PROVIDED ENTRIES:

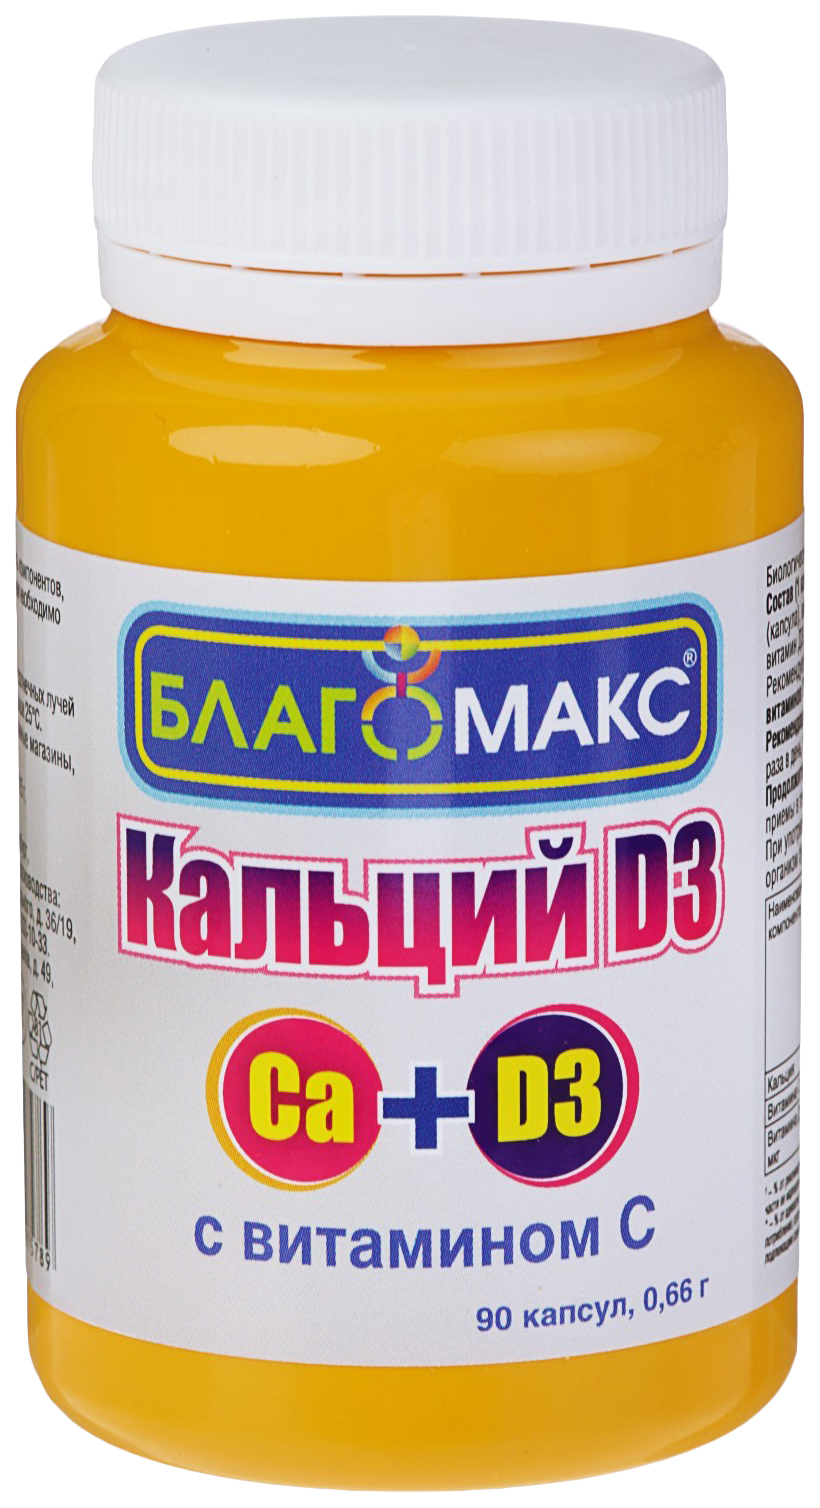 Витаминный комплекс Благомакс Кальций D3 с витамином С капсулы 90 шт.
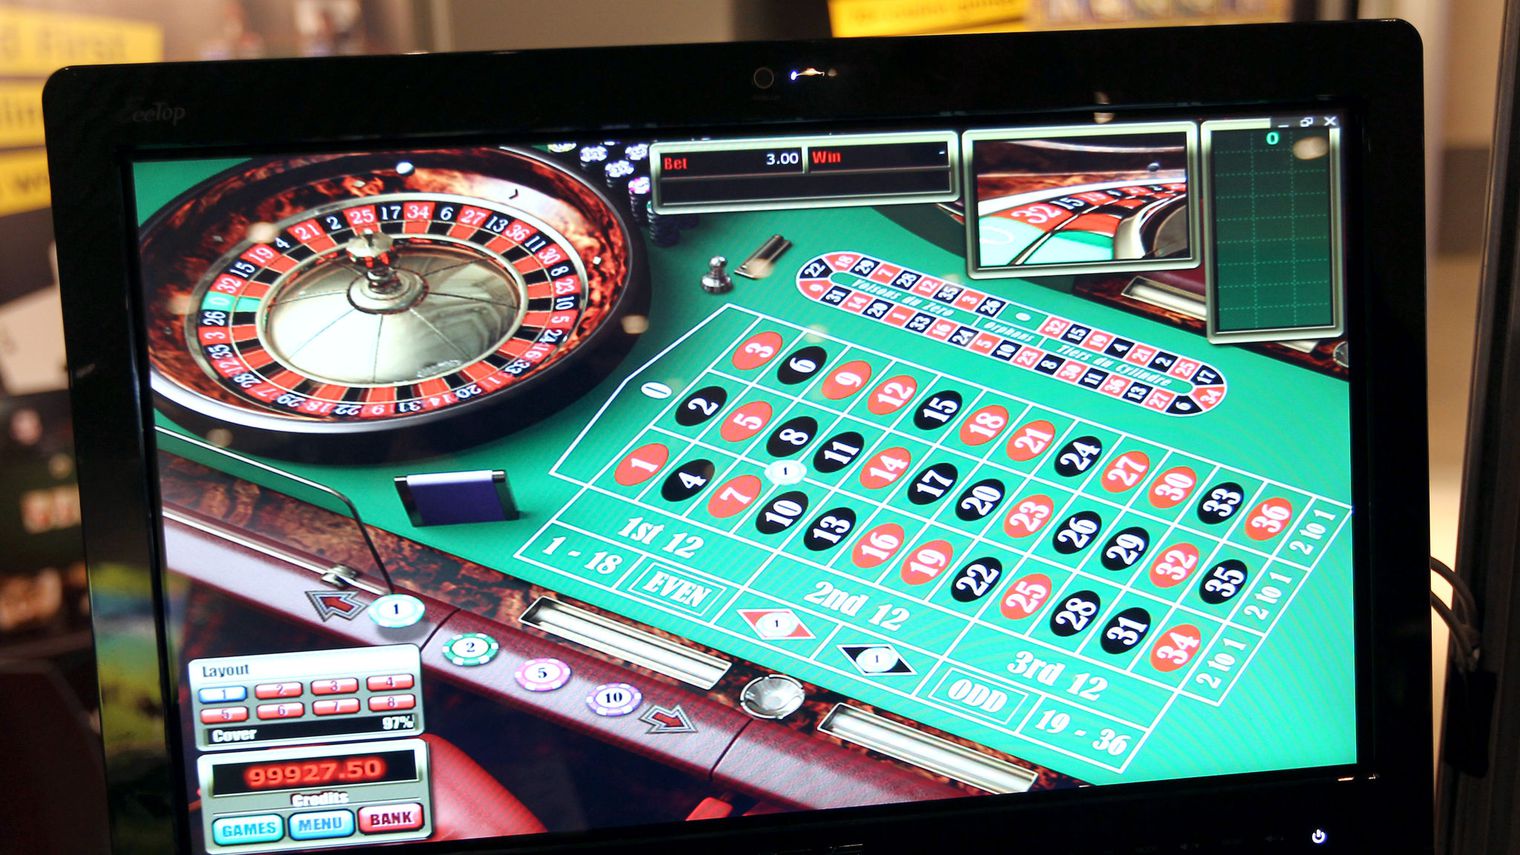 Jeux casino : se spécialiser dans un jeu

* * *

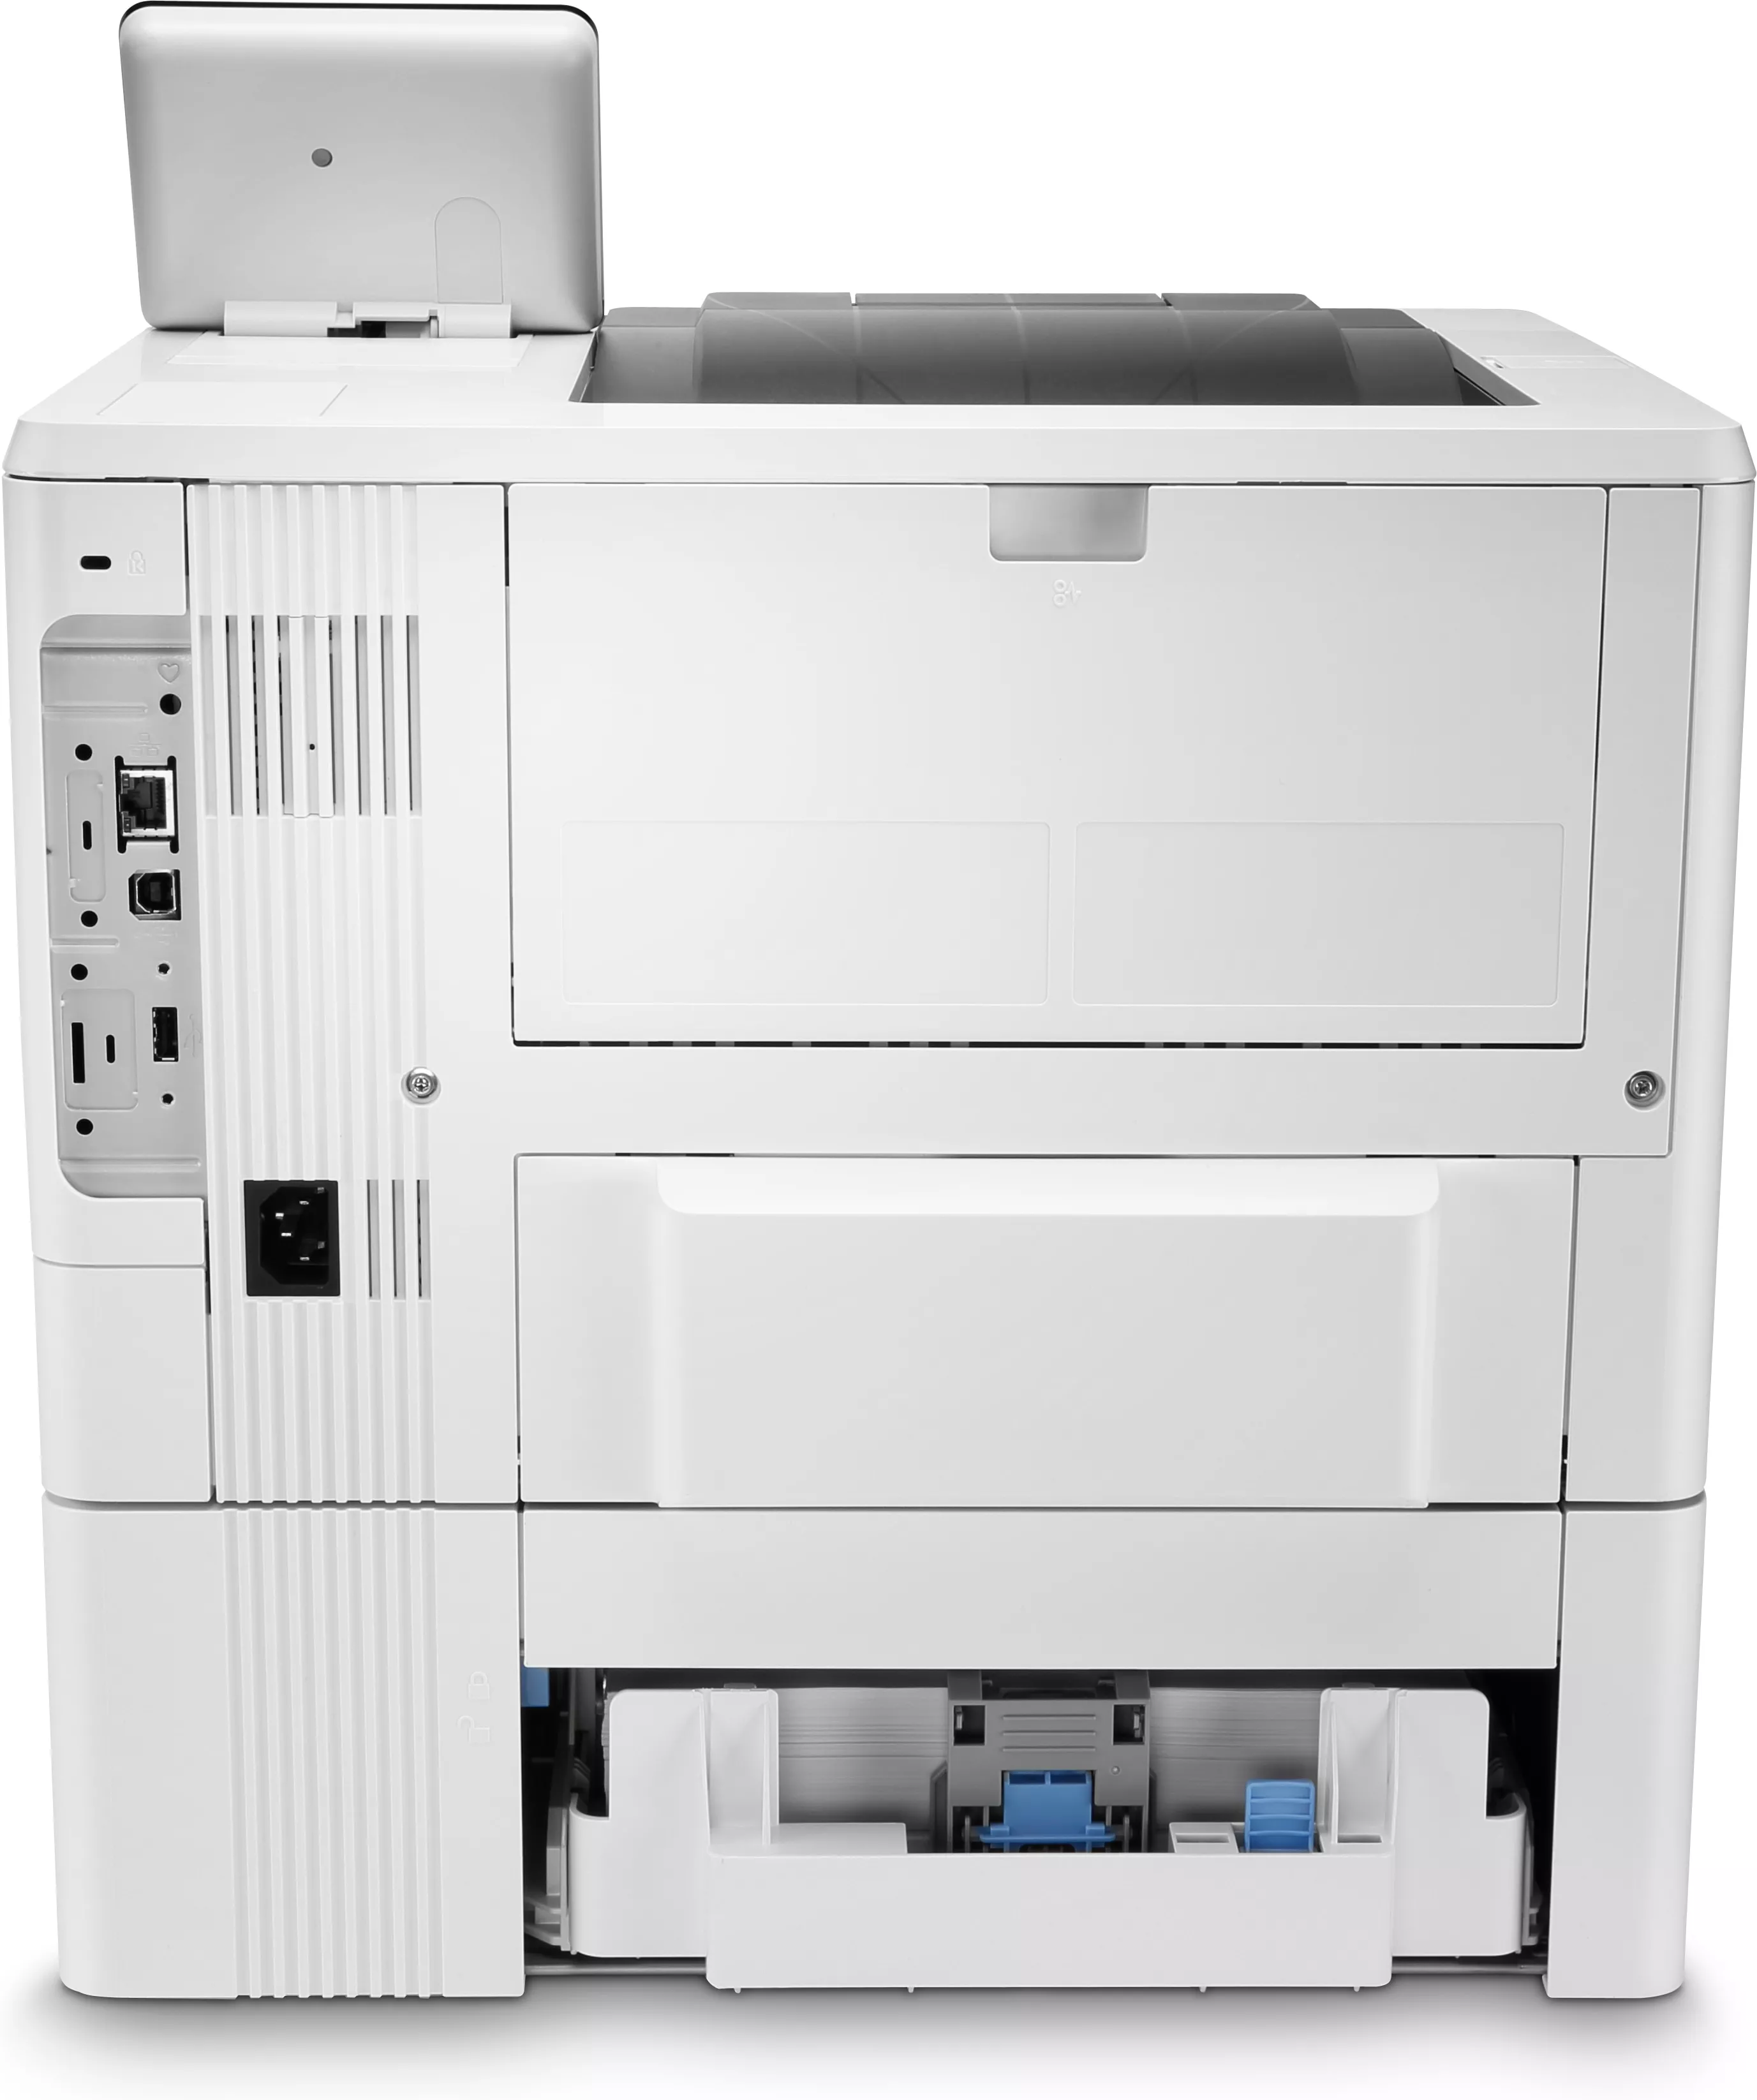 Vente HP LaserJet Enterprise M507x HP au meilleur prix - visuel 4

PROBLEM TO SOLVE: What should come back is an exact copy of the lines above from the line with "Витаминный комплекс Благомакс" to the line with "Jeux casino : se spécialiser dans un jeu", both included, minus the pictures.

OUTPUT OF THE EXERCISE:
 Витаминный комплекс Благомакс Кальций D3 с витамином С капсулы 90 шт.
 Jeux casino : se spécialiser dans un jeu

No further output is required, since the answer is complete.